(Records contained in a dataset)
- Opening Delimiter -

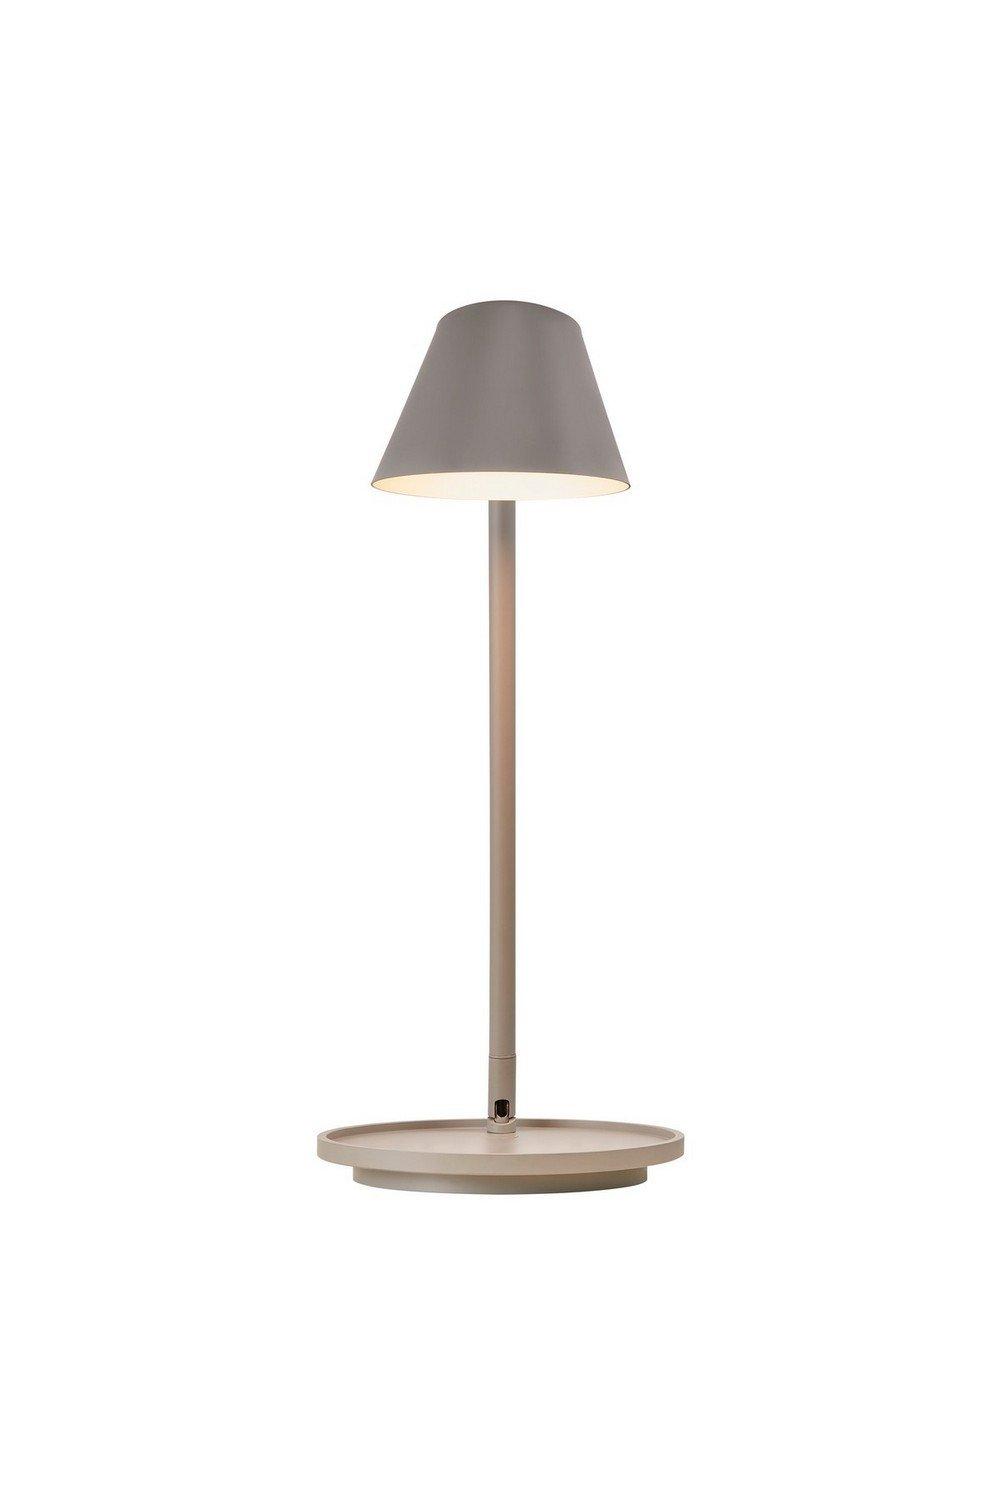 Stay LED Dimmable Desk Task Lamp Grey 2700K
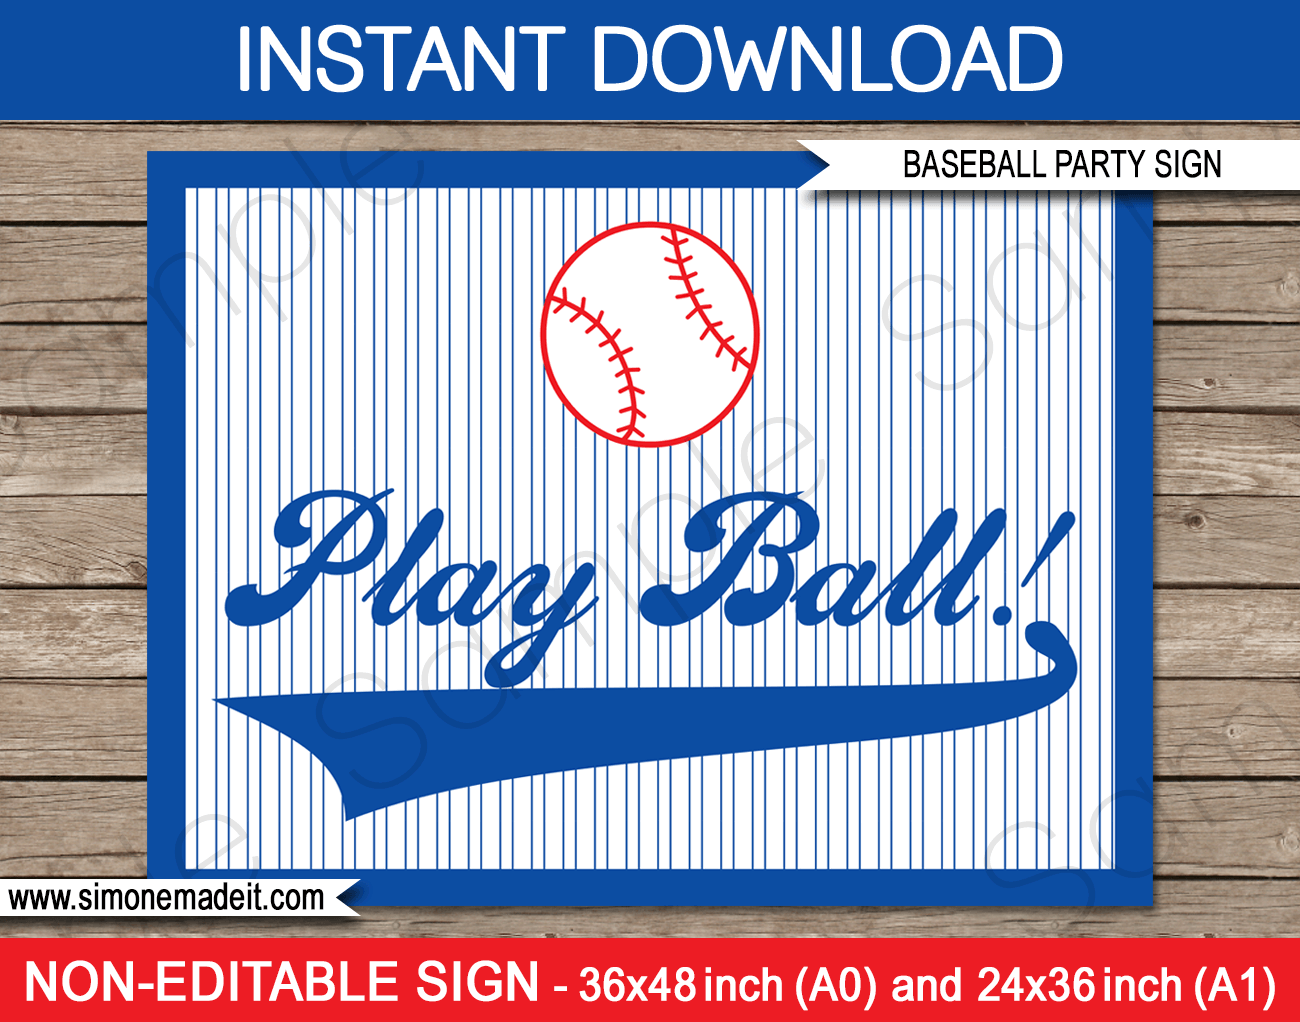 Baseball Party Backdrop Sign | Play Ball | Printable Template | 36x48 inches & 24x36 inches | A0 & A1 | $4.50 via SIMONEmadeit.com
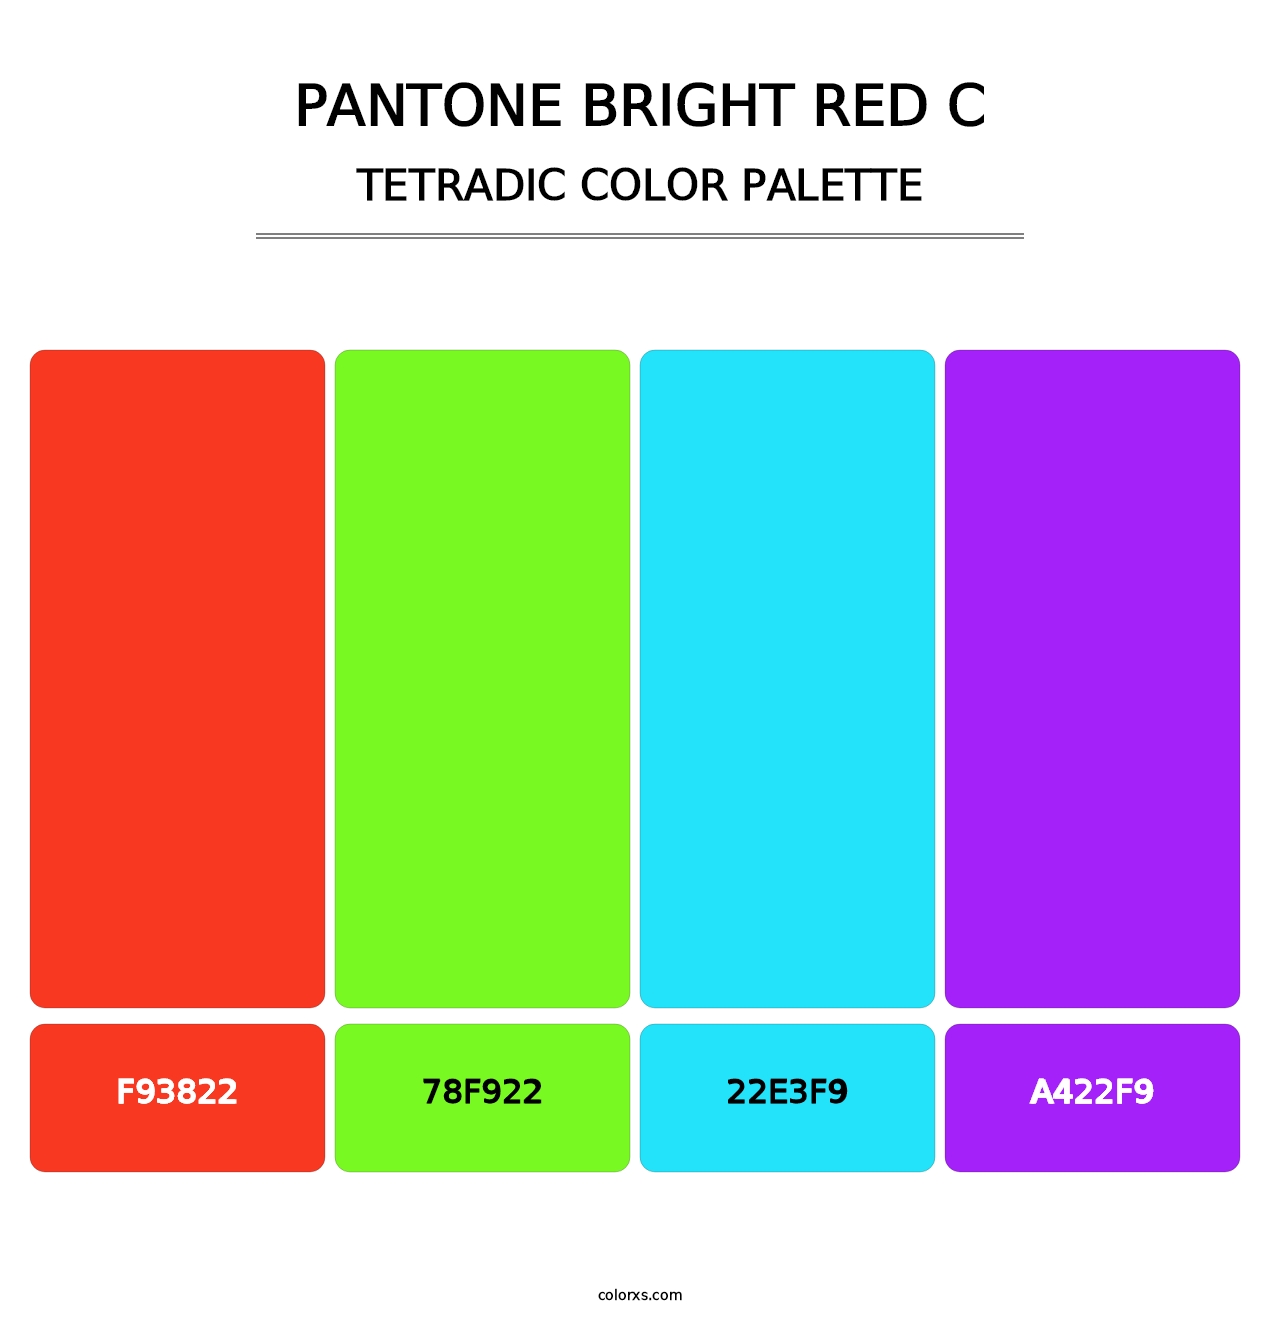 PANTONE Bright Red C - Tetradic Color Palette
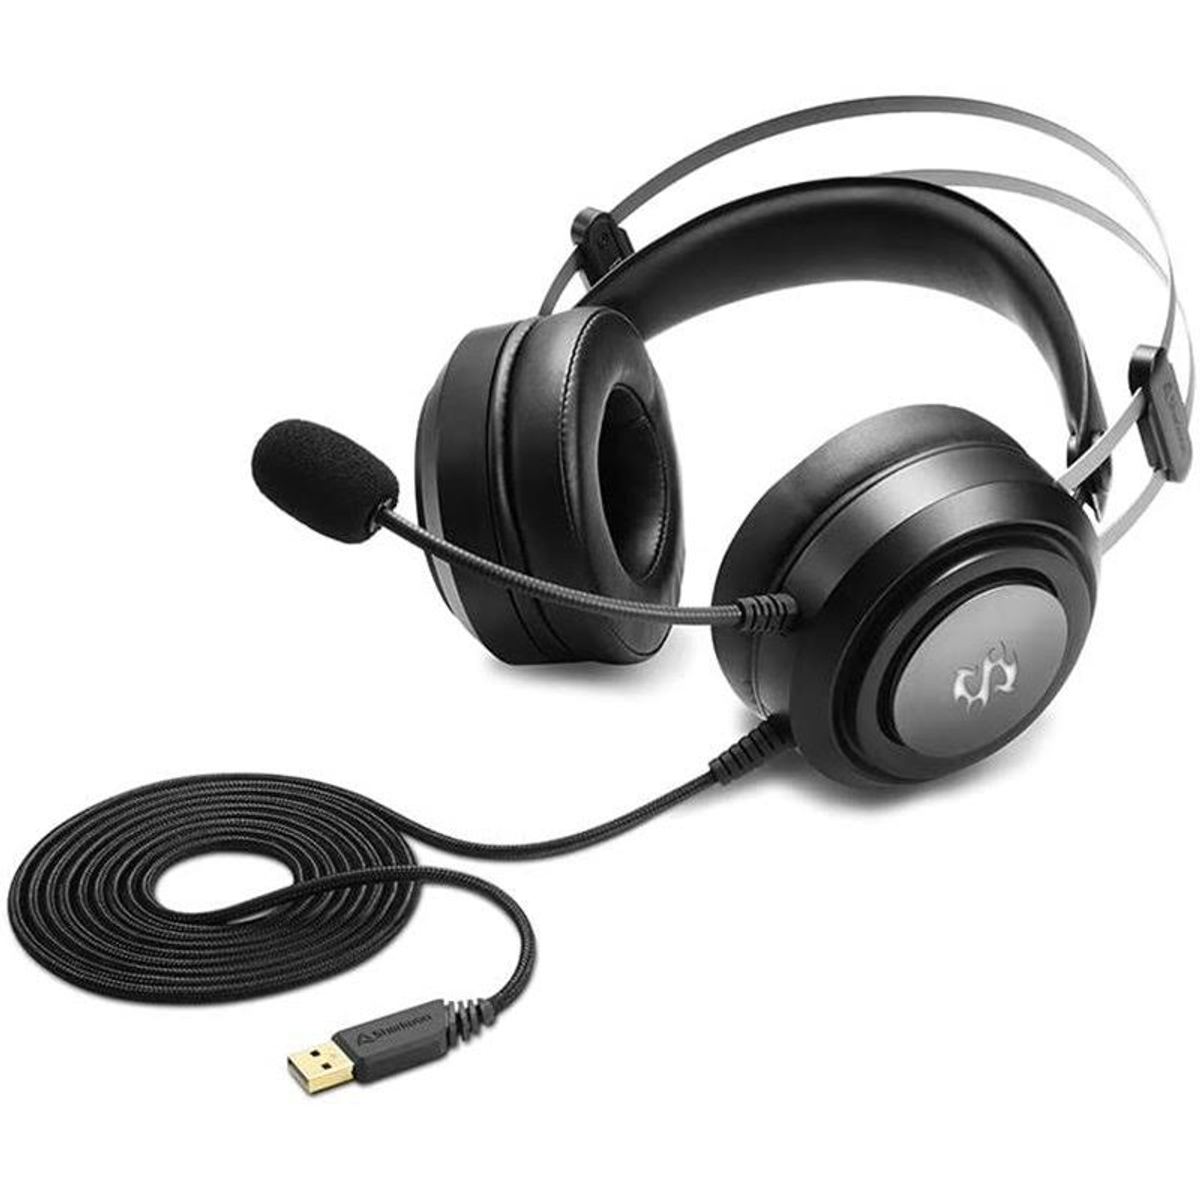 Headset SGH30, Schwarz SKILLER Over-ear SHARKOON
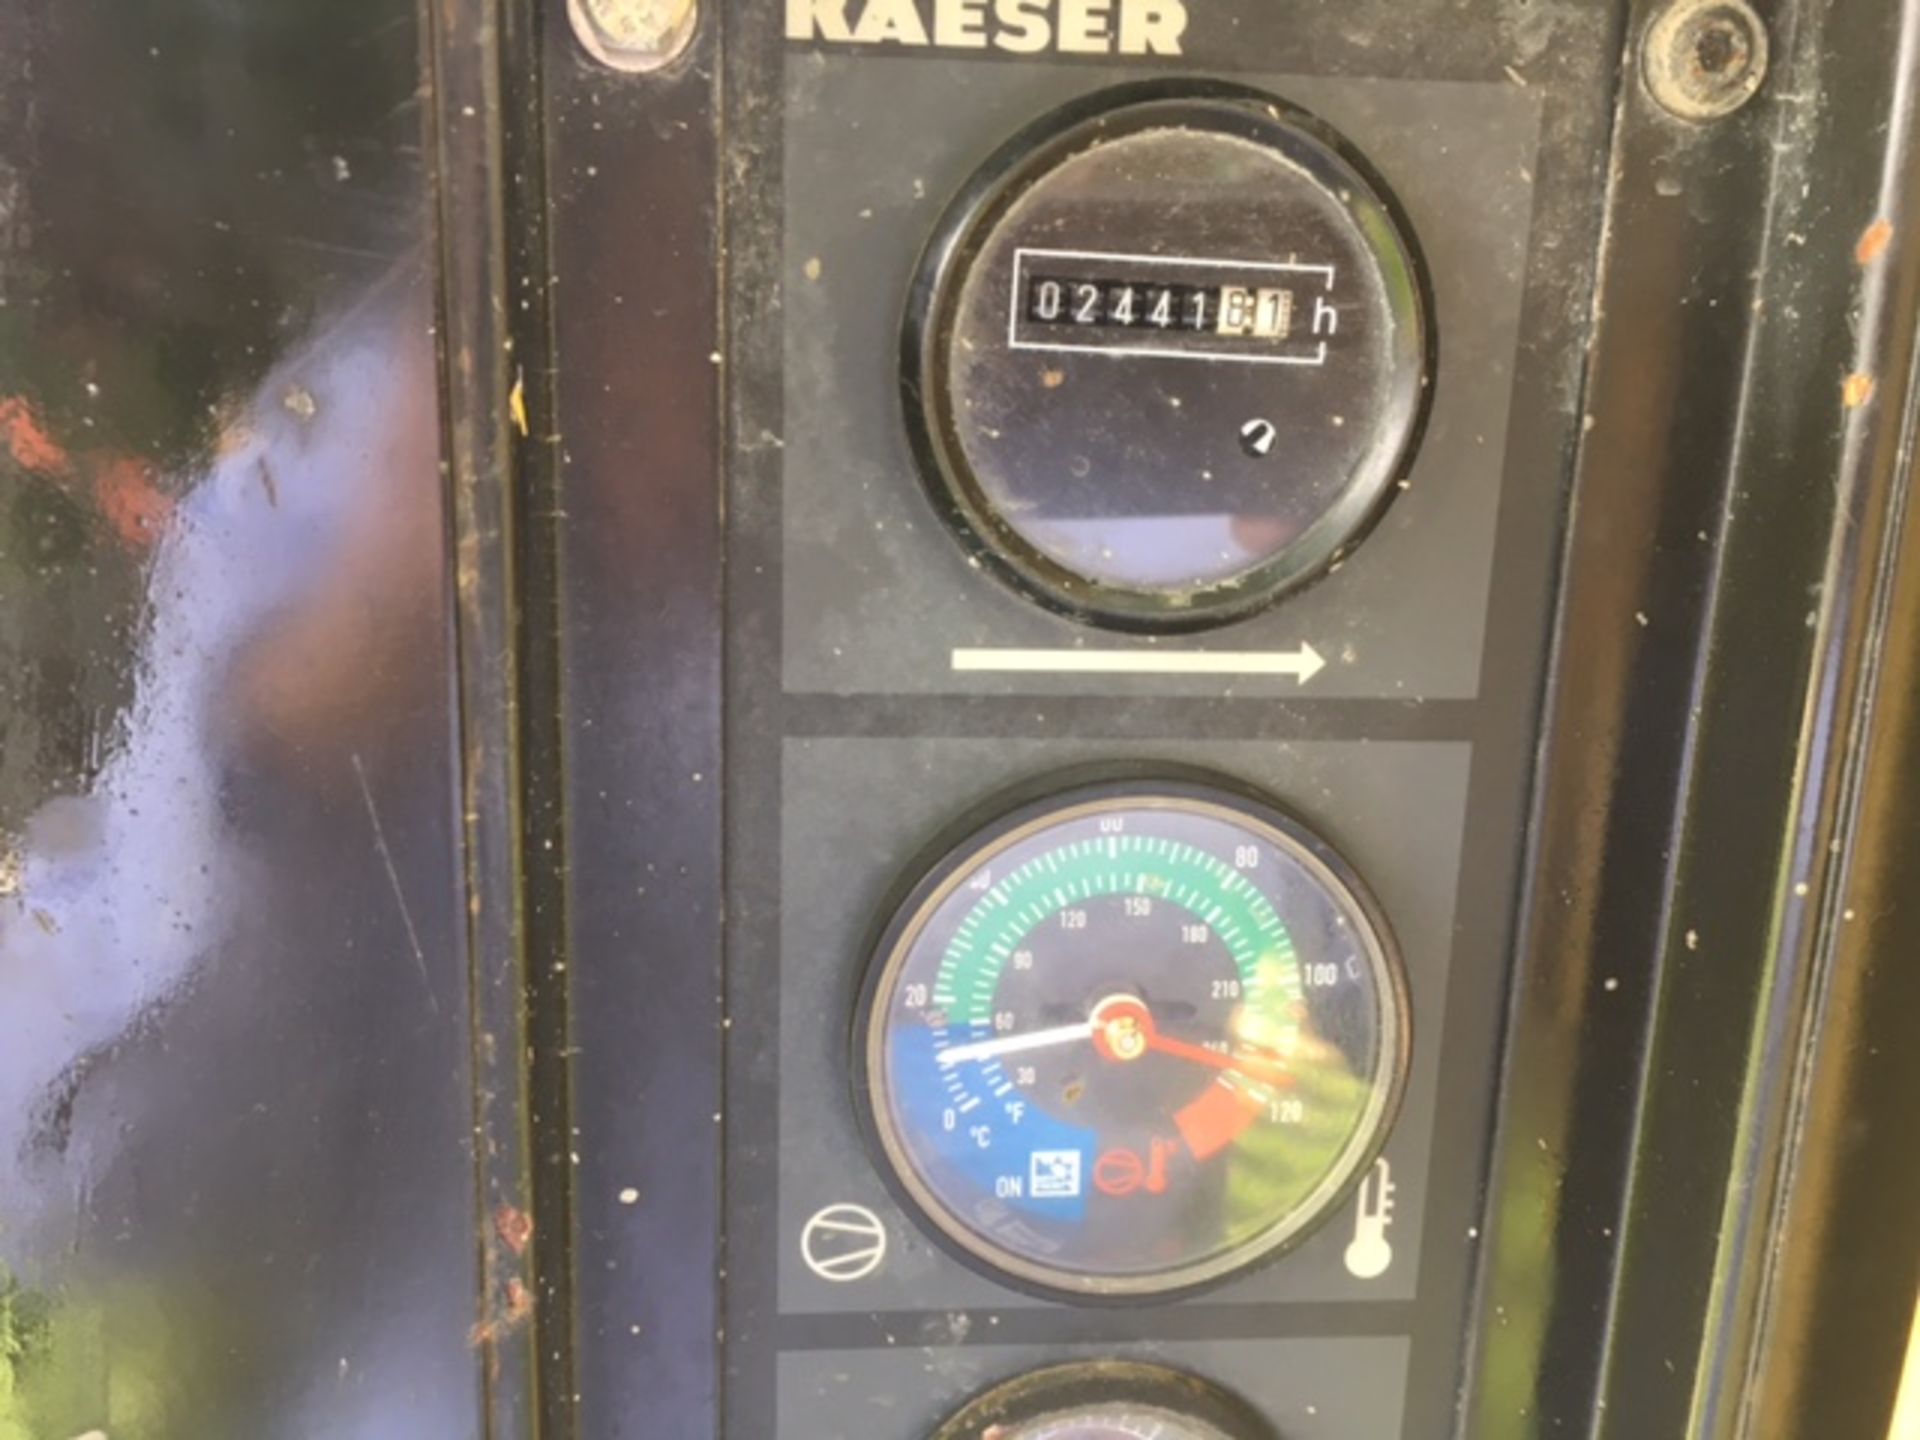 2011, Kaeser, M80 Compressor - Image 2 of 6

- Closing Delimiter -

## WORK REQUEST
Pictures must be left out of the answer, which should be exactly the lines from the one holding "PANTONE Bright Red" through the last line of the entries above, both included; please add nothing.

## RESPONSE FOR THIS EXERCISE
 PANTONE Bright Red C - Tetradic Color Palette
 Headset SGH30, Schwarz SKILLER Over-ear SHARKOON
 2011, Kaeser, M80 Compressor - Image 2 of 6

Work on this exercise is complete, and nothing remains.